Website input

Please read about Splunk Enterprise 8.0 and the Python 2.7 end-of-life changes and impact on apps and upgrades
The Website Input app provides an mechanism for scraping web-pages for data and indexing it in your Splunk instance to make it searchable.


  • Website Data Extraction: setup an input that will extract data from a web-page and get it into Splunk
  • Data Preview: select data from a web-page that you would like to extract and preview results to get a sample of the what the output would look like before you save the configuration
  • Website crawling: you can have the input crawl web-pages to automatically discover related content in other pages


Initial setup

Once you install the app, it will ask you to set it up on the app configuration page. The setup only contains options related to configuring a proxy server. If no proxy server is used, you can just press save.

Creating an input

You will need to create an input to define the websites that you would like to extract information from. You can setup a new input using the wizard or using the page in Splunk's manager at Settings » Data Inputs » Web-pages or by using the GUI provided in the app itself. The most difficult part of configuring the app is making the CSS selector that will capture the data you want. See W3schools for information on how to create CSS selectors.

You can usually ignore the "Output" section. This is only necessary if you want to name the fields that the input will get based on content within the page (see "Can I use attributes to set the field names?" for details).

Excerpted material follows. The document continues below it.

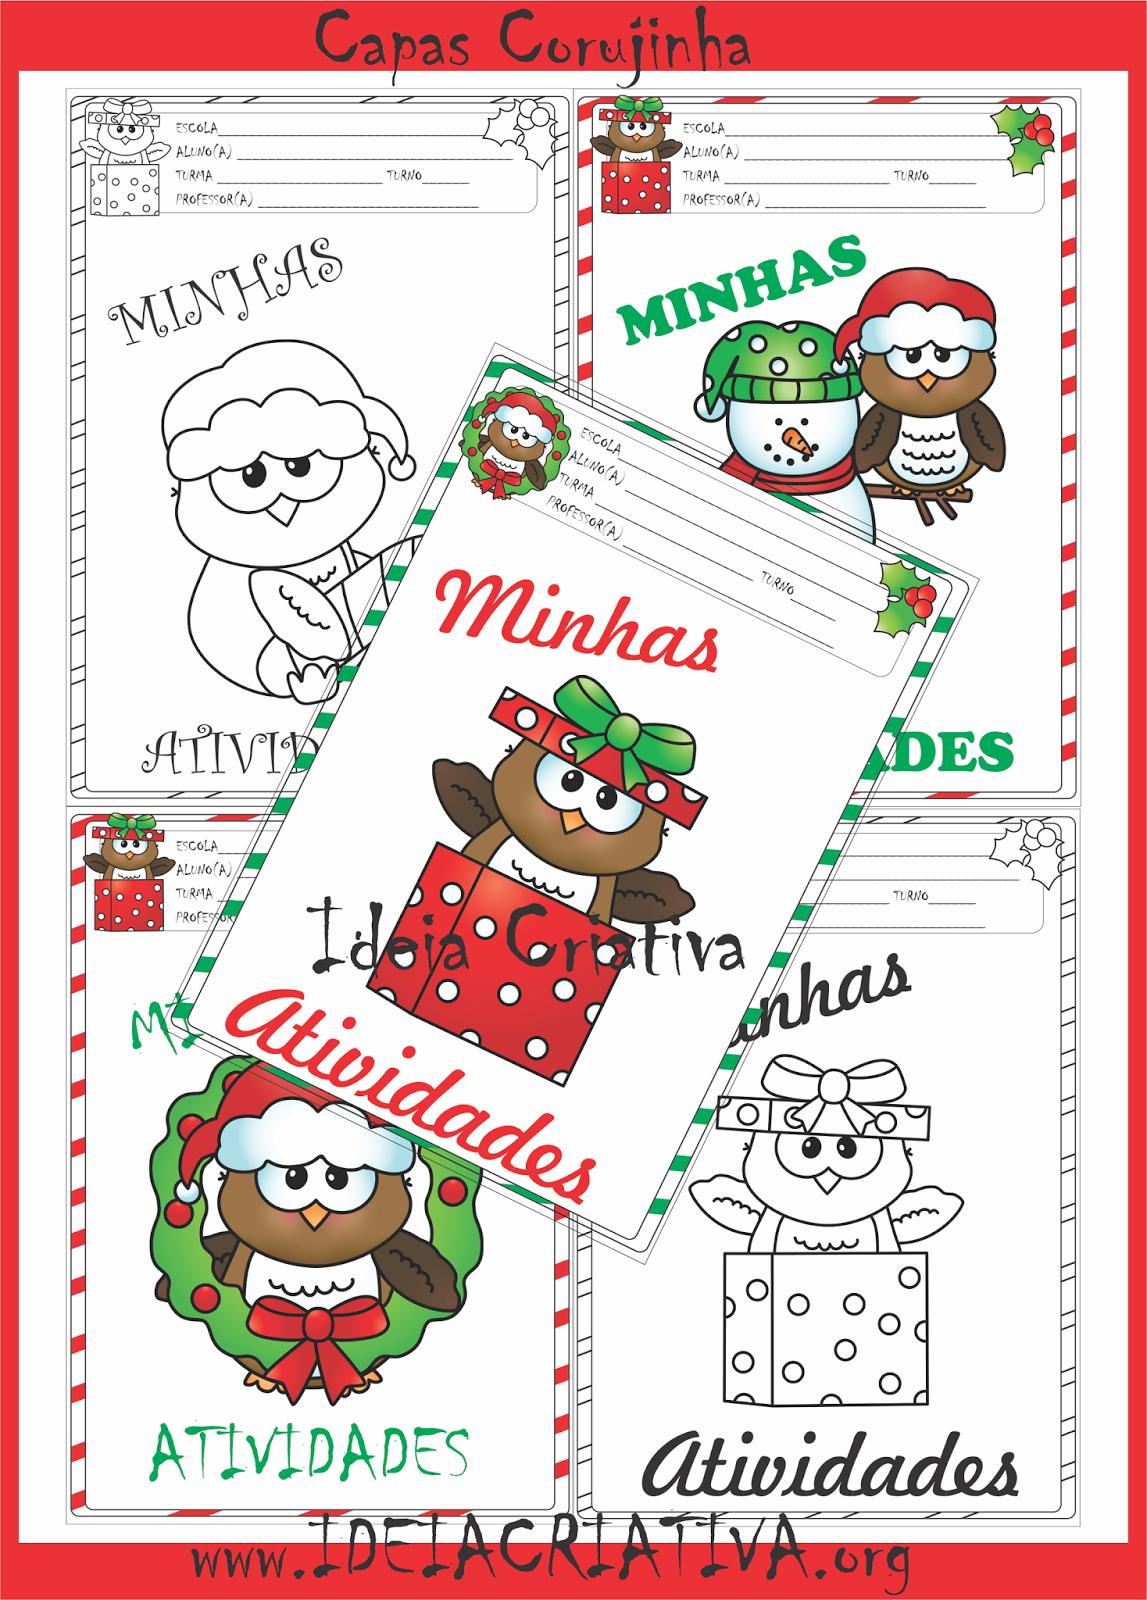 Capas para Atividades Corujinhas Natalinas para Imprimir Grátis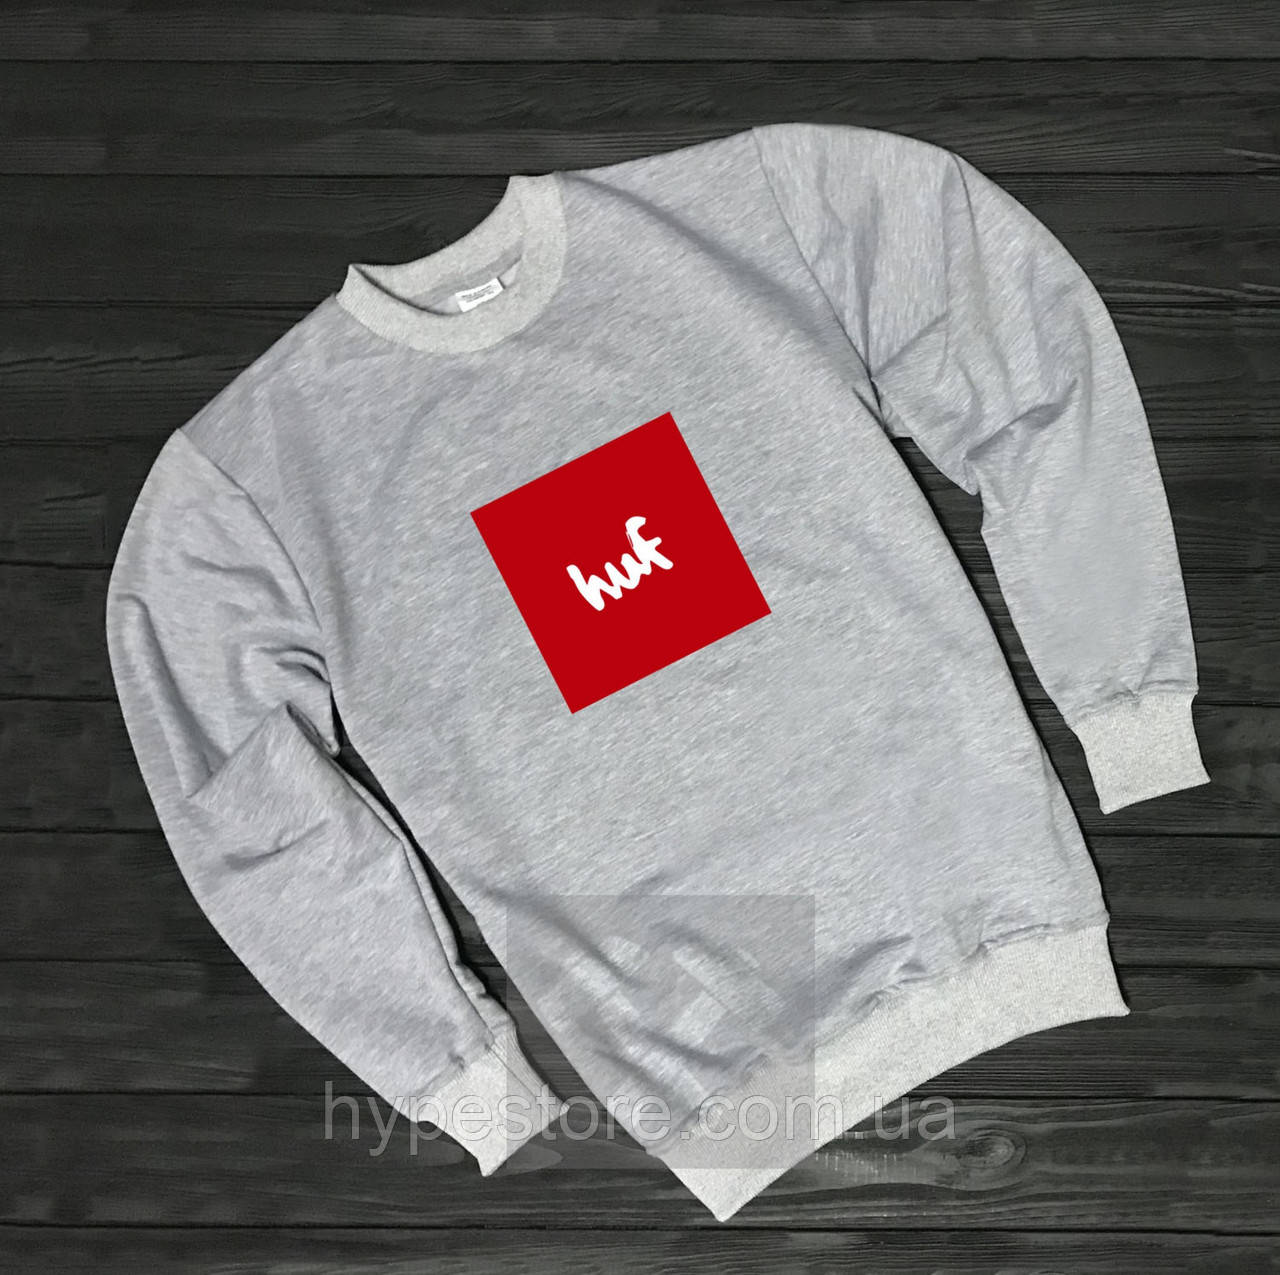 Мужской спортивный серый свитшот, кофта, лонгслив, реглан Huf (красный лого), Реплика

The "Authentication" can be left blank unless the web-page requires authentication. Only HTTP authentication is supported at the current time.

Known Issues

The UI shows matches for a selector does preview shows none and the input matches nothing

The preview window may show that a selector matches in the UI even though the selector doesn't match when executed in preview due to the fact that web-browsers sometimes manipulate the HTML before rendering it. This can happen sometimes when tables do not have a tbody element (which they are supposed to). The browser adds the tbody element even though it doesn't exist in the original HTML.

To fix this, you can do one of the following:

  1. Use a selector that matches the original HTML even though it doesn't match in the preview page
  2. Make your selector more generic (like converting "font > table > tr" to "font table tr")
  3. Making a selector that matches both (like "font > table > tr,font > table > tbody > tr"


See the links below for answers to frequently asked questions:

Can I specify more than one selector (to match different things on a single page)?

Can I use attributes to set the field names?

I changed the sourcetype and now the match field is no longer a multi-value field; what do I do?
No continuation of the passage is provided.